**EXERCISE:**
Exactly as they appear below, repeat the lines from the one with "Vintage Moroccan Rug 46039 Detail/Large View" through the one with "Image - Darkseid". Drop every picture.

**RECORDS FOR THE TASK:**
###
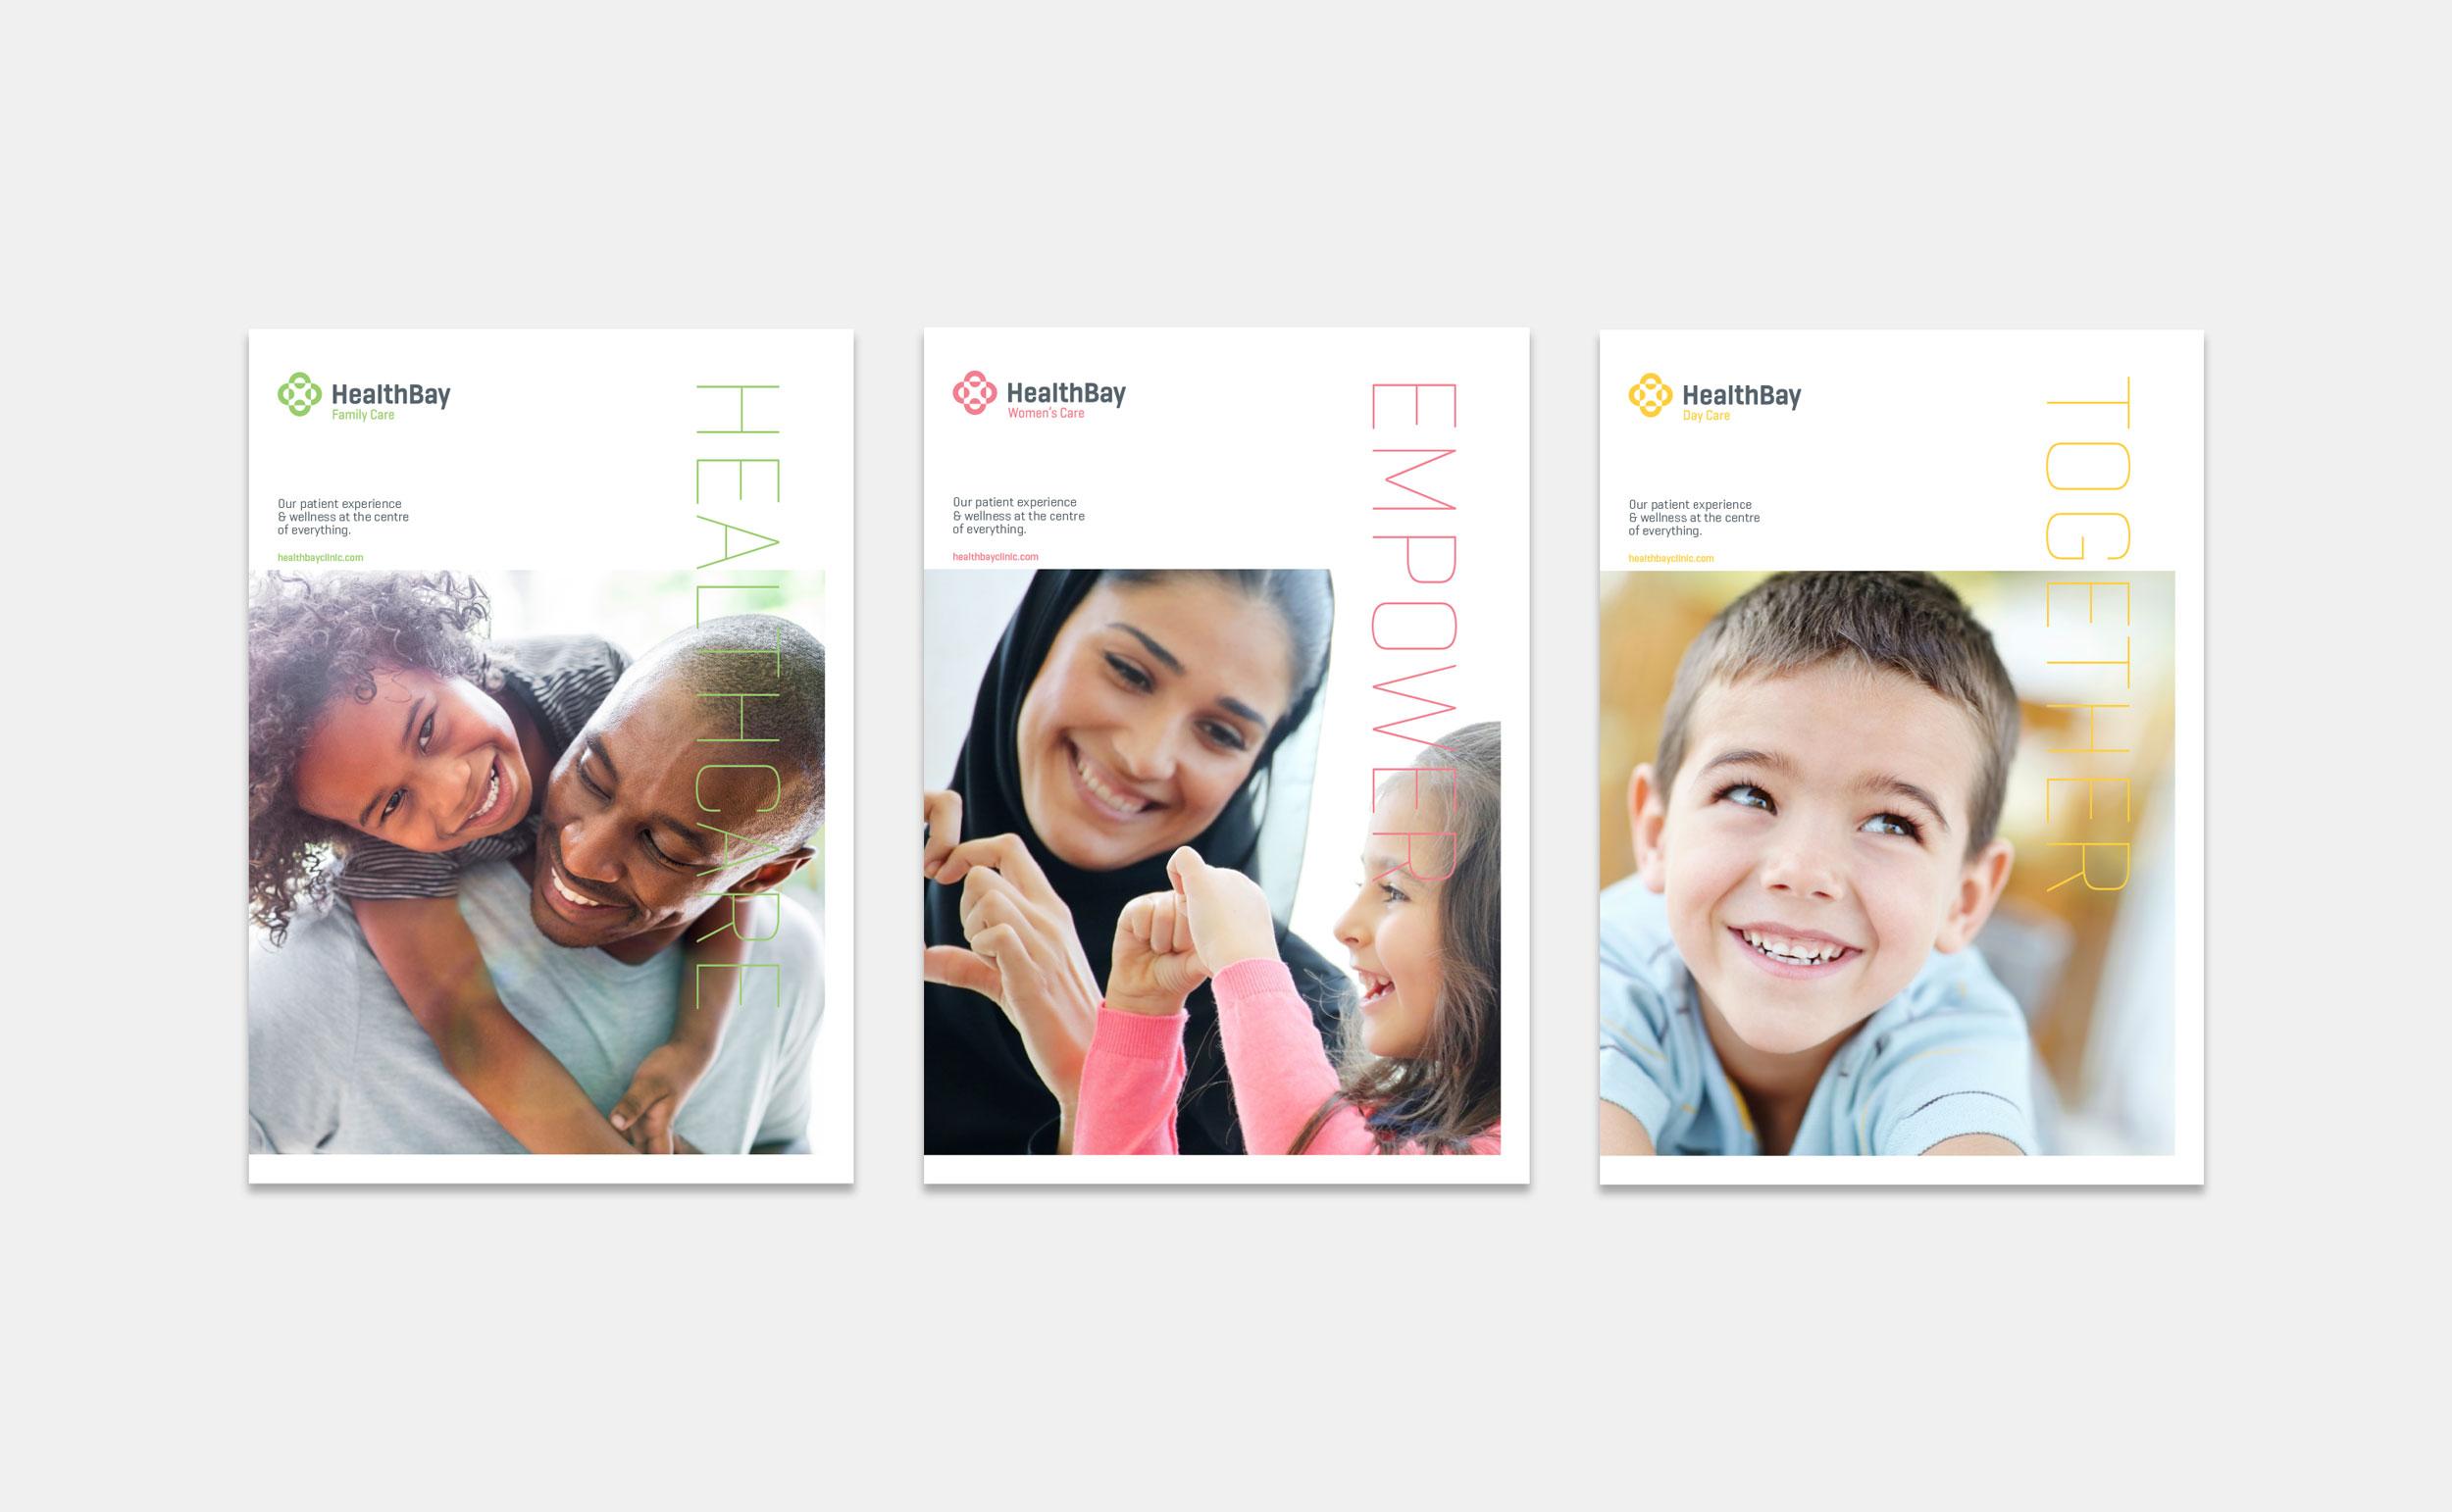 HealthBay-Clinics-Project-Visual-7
###
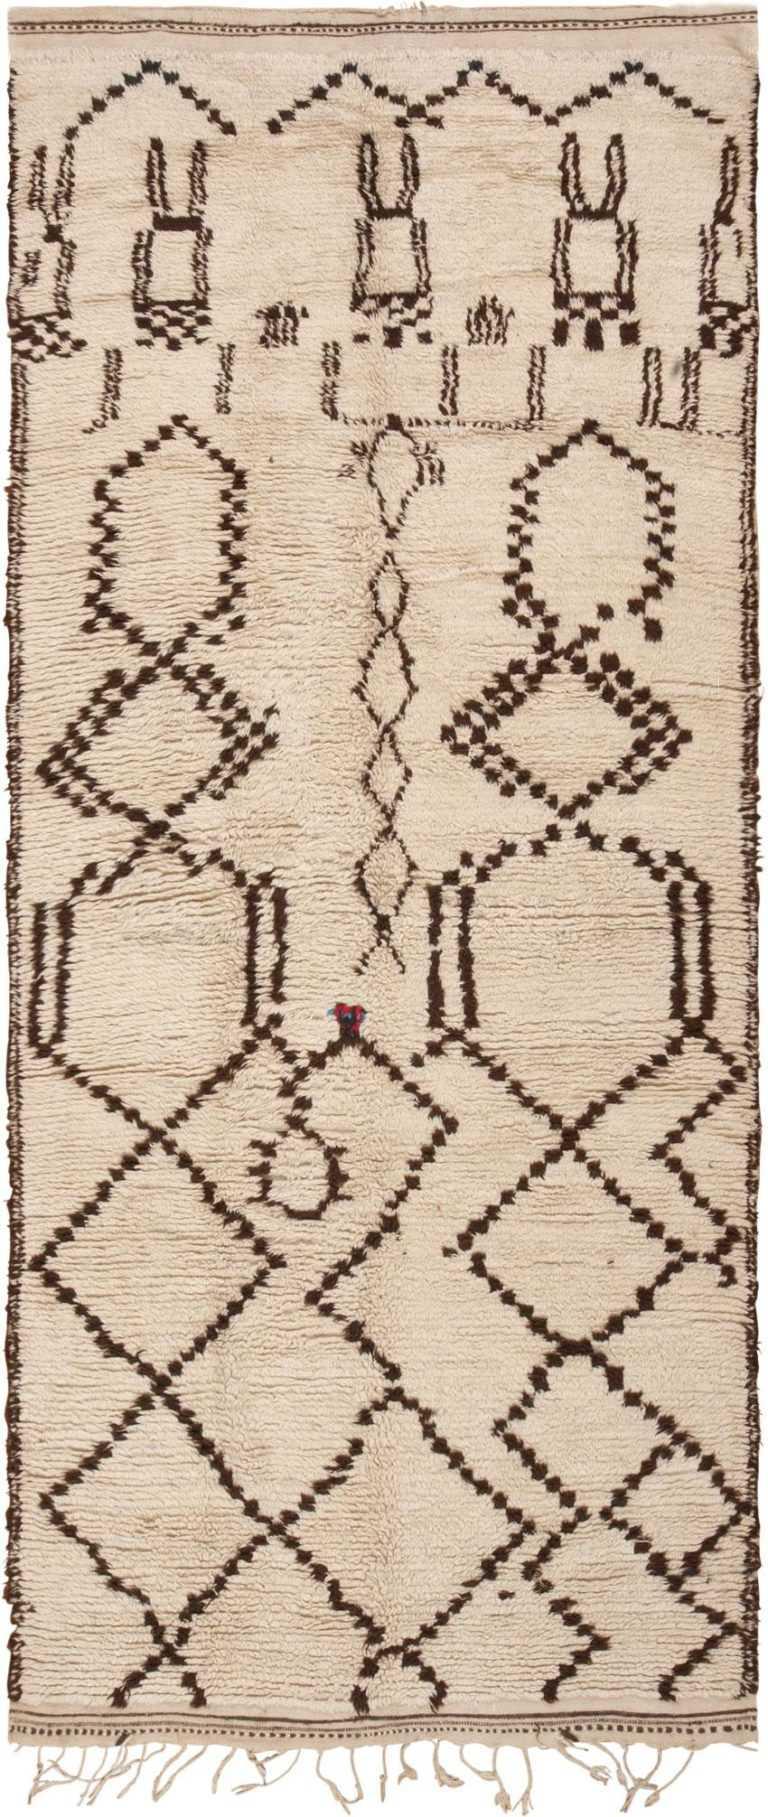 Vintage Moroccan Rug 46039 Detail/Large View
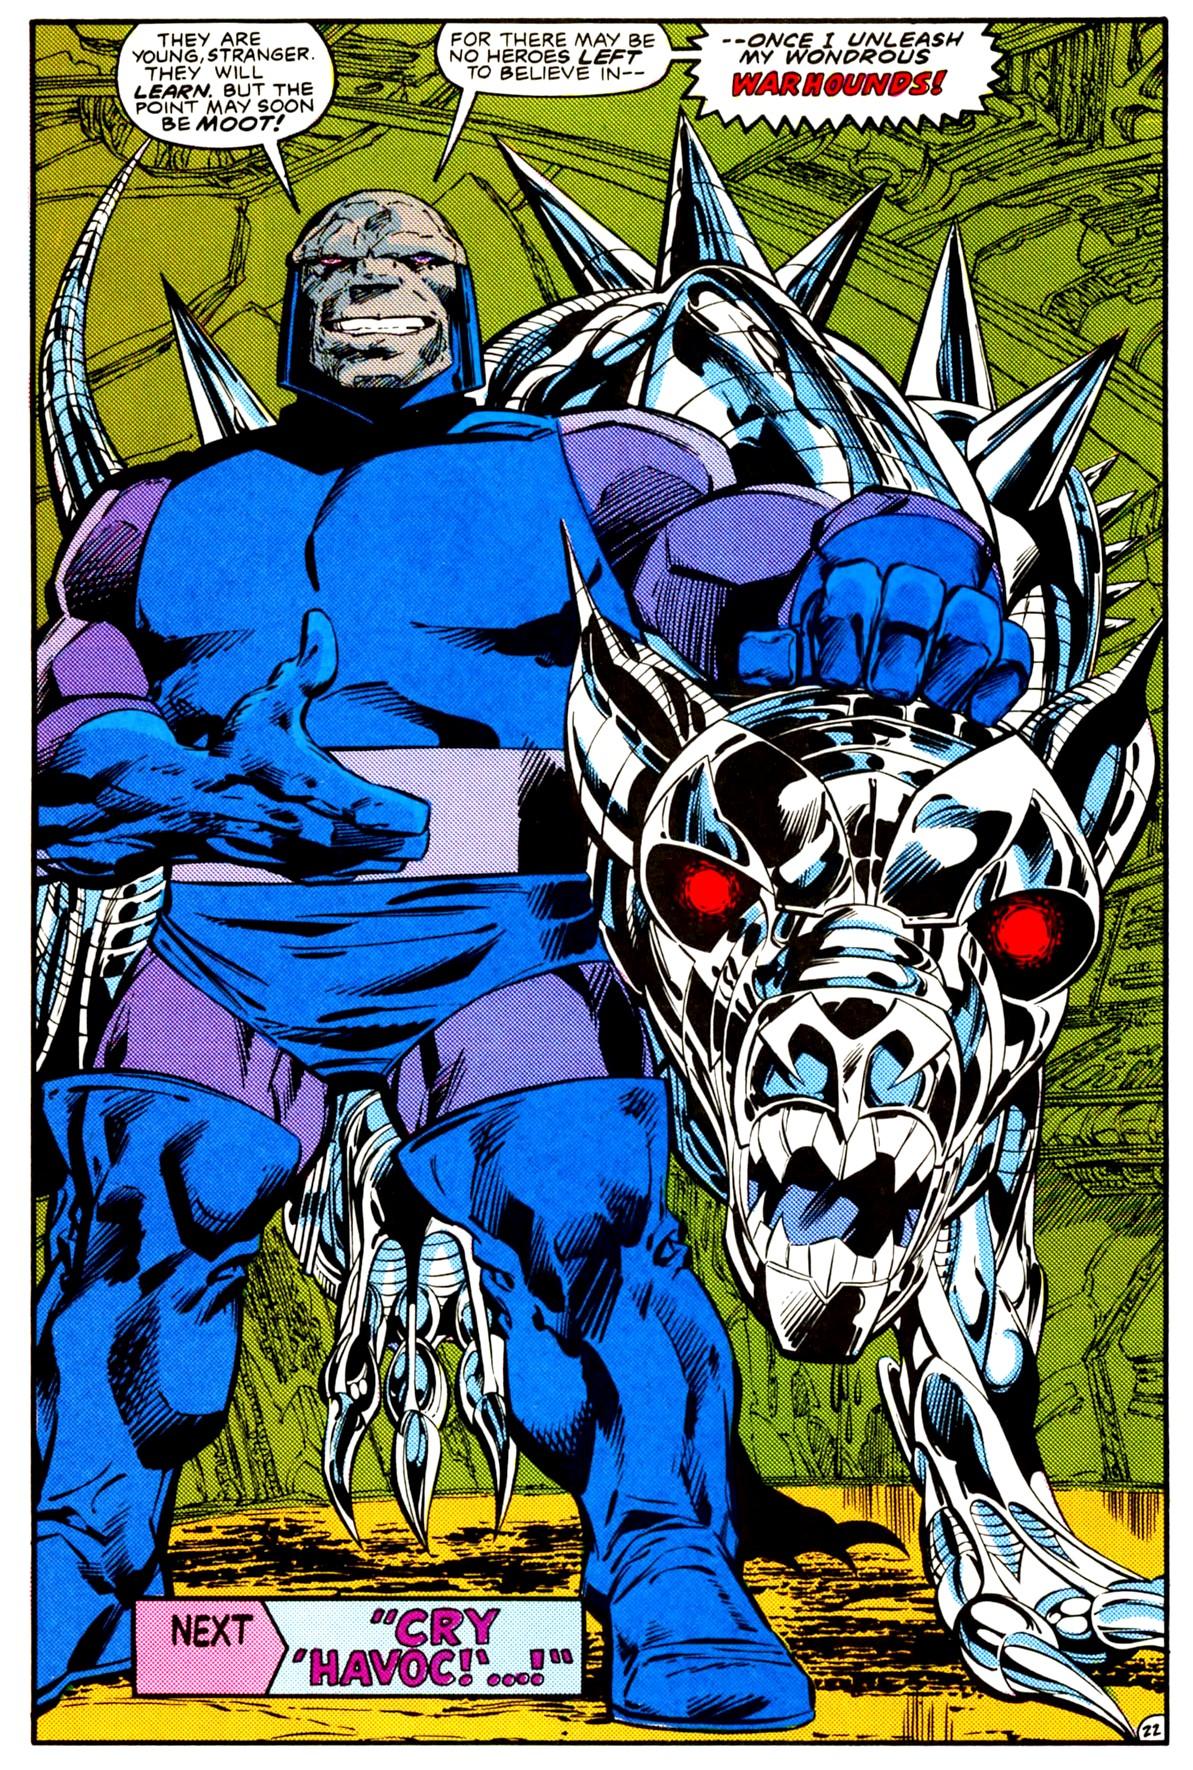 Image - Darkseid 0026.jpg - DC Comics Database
###
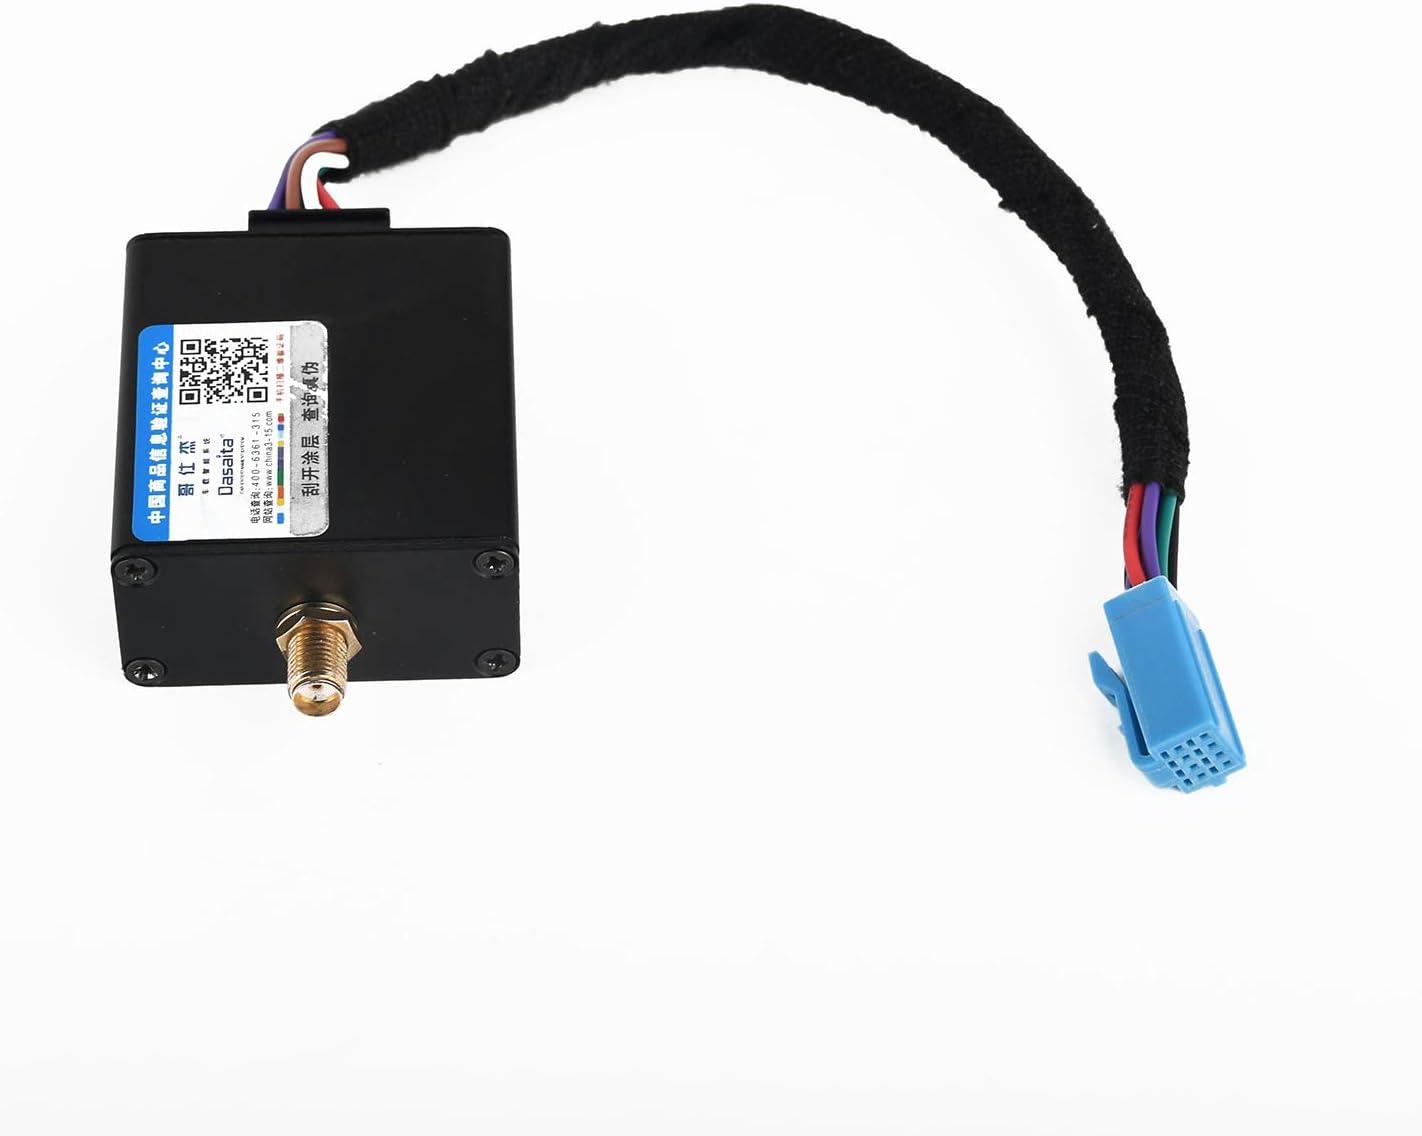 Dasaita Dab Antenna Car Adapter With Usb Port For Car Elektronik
###
**REPLY:**
 Vintage Moroccan Rug 46039 Detail/Large View
 Image - Darkseid 0026.jpg - DC Comics Database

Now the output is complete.